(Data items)
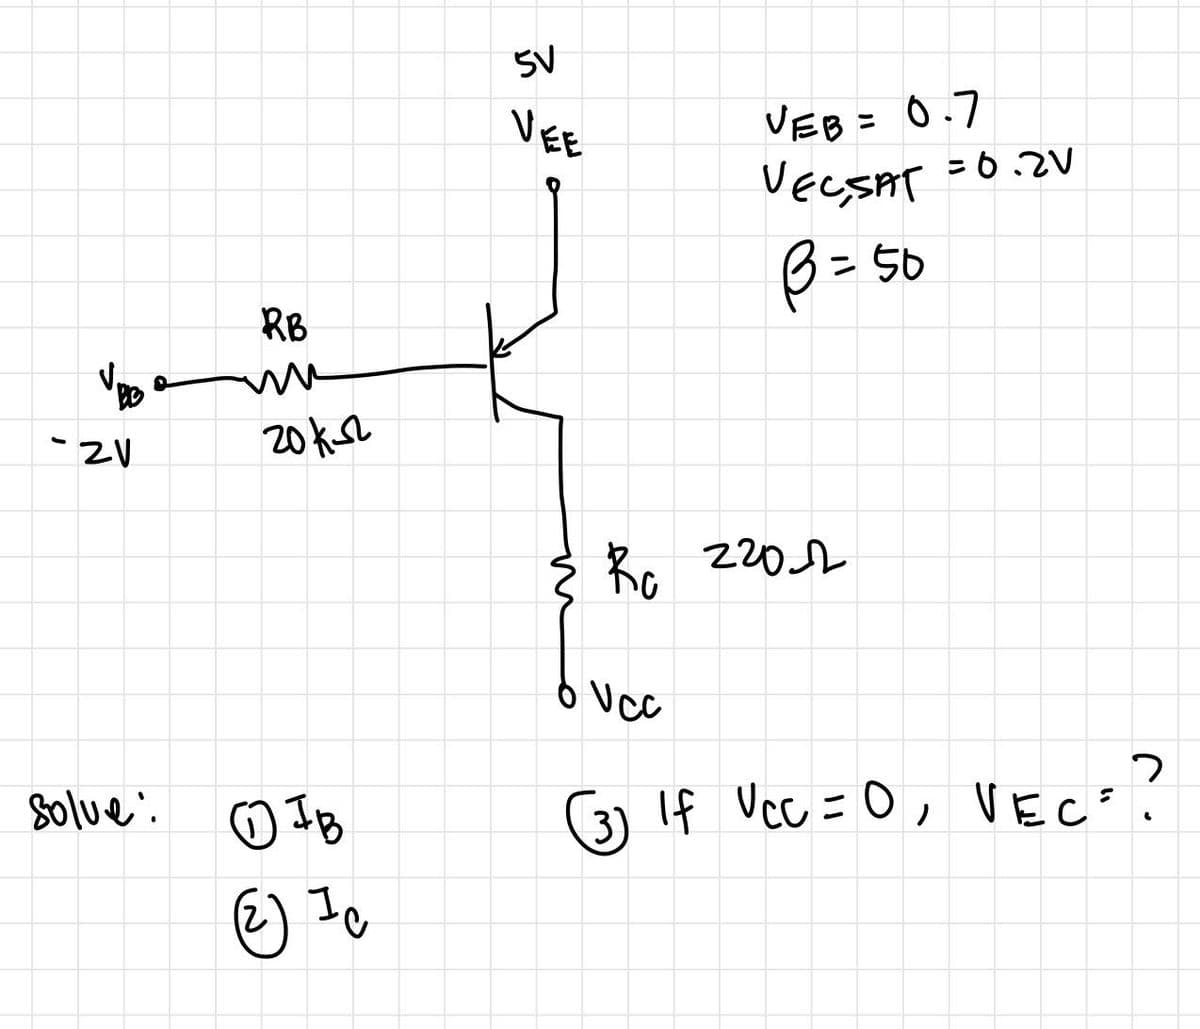 - ZV
solve:
RB
m
20K-2
отв
(2) Ic
5V
VEE
VEB = 0.7
VEC, SAT = 0.2V
B = 50
Ro 2202
o Vcc
(3) If VCC = 0, VEC = ?

• [Exercise instructions]: Pictures aside, write out all of the records exactly.

• [Written response]:
 - ZV
solve:
RB
m
20K-2
отв
(2) Ic
5V
VEE
VEB = 0.7
VEC, SAT = 0.2V
B = 50
Ro 2202
o Vcc
(3) If VCC = 0, VEC = ?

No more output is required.